JDK-8080248 : Coding regression in HKSCS charsets
  • Type: Bug
  • Component: core-libs
  • Sub-Component: java.nio.charsets
  • Priority: P2
  • Status: Closed
  • Resolution: Fixed
  • OS: generic
  • CPU: generic
  • Submitted: 2015-05-13
  • Updated: 2015-09-29
  • Resolved: 2015-05-21
The Version table provides details related to the release that this issue/RFE will be addressed.

Unresolved : Release in which this issue/RFE will be addressed.
Resolved: Release in which this issue/RFE has been resolved.
Fixed : Release in which this issue/RFE has been fixed. The release containing this fix may be available for download as an Early Access Release or a General Availability Release.

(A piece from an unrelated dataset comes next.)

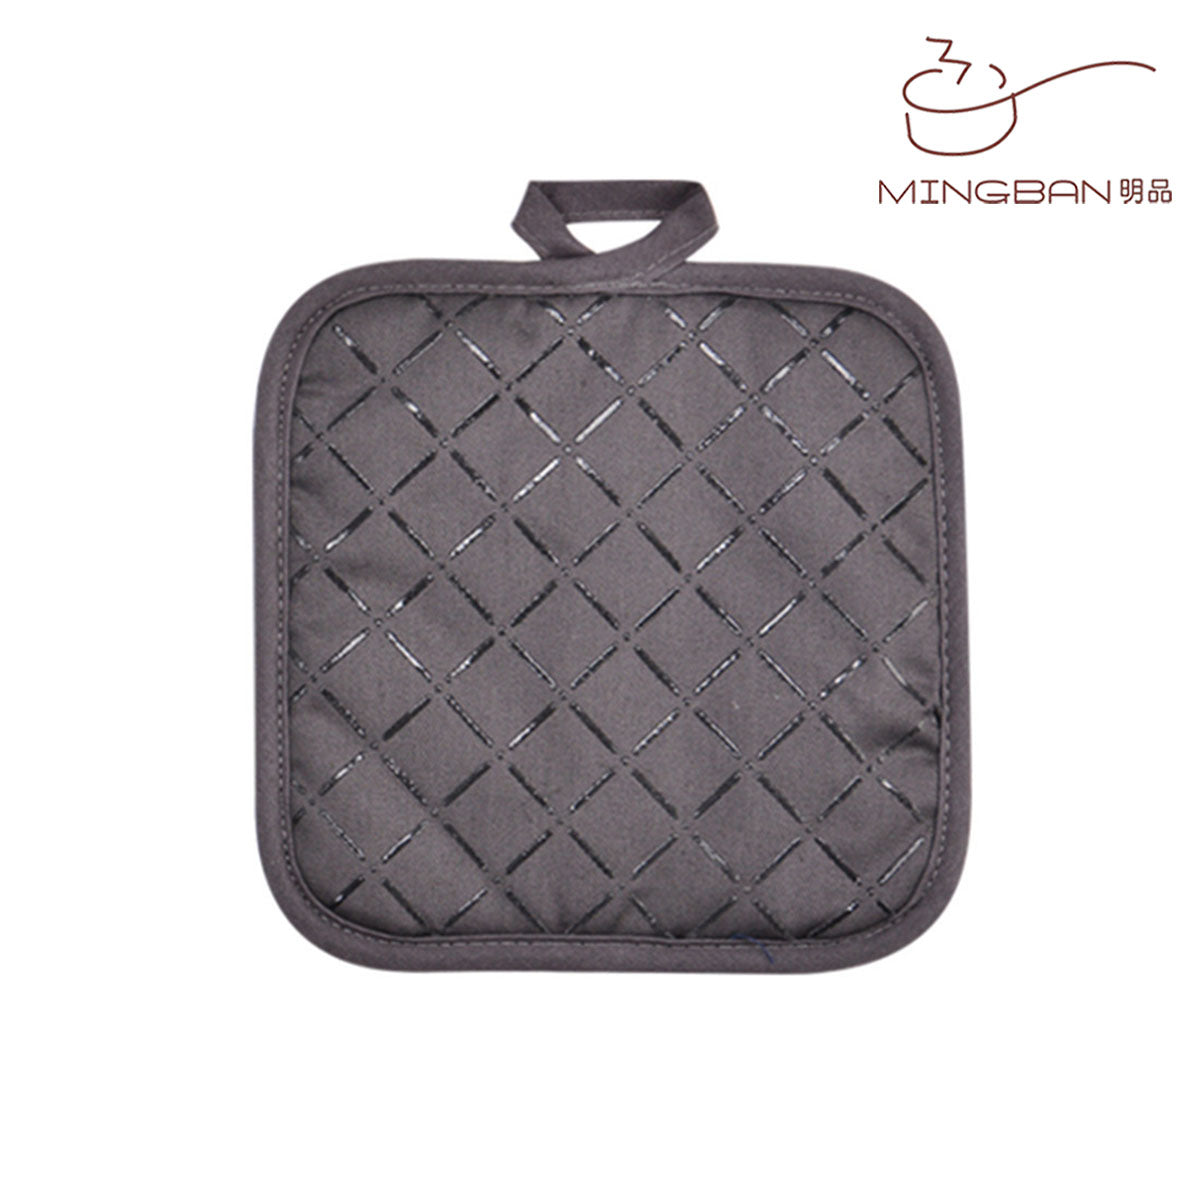 Checkered Silicone Strip Potholder Pad - Grey

To download the current JDK release, click here.
JDK 8 JDK 9
8u60Fixed 9 b66Fixed
Description
At Google we noticed a change in behavior for the HKSCS charset family between jdk7 and jdk8.  It looks like a bug in the jdk8 implementations.

Recipe:
-----
public class HKSCS {
    public static void main(String[] args) throws Throwable {
        StringBuilder sb = new StringBuilder();
        sb.append((char) (Character.MIN_HIGH_SURROGATE + 67));
        sb.append((char) (Character.MIN_LOW_SURROGATE + 67));
        sb.append('a');
        byte[] xs = sb.toString().getBytes("Big5-HKSCS");
        for (byte x : xs) {
            System.out.printf("%02x ", x & 0xff);
        }
        System.out.println();
    }
}
---
Produces:
8a a6 61 
in jdk7 and
8a a6 
in jdk8, which seems wrong.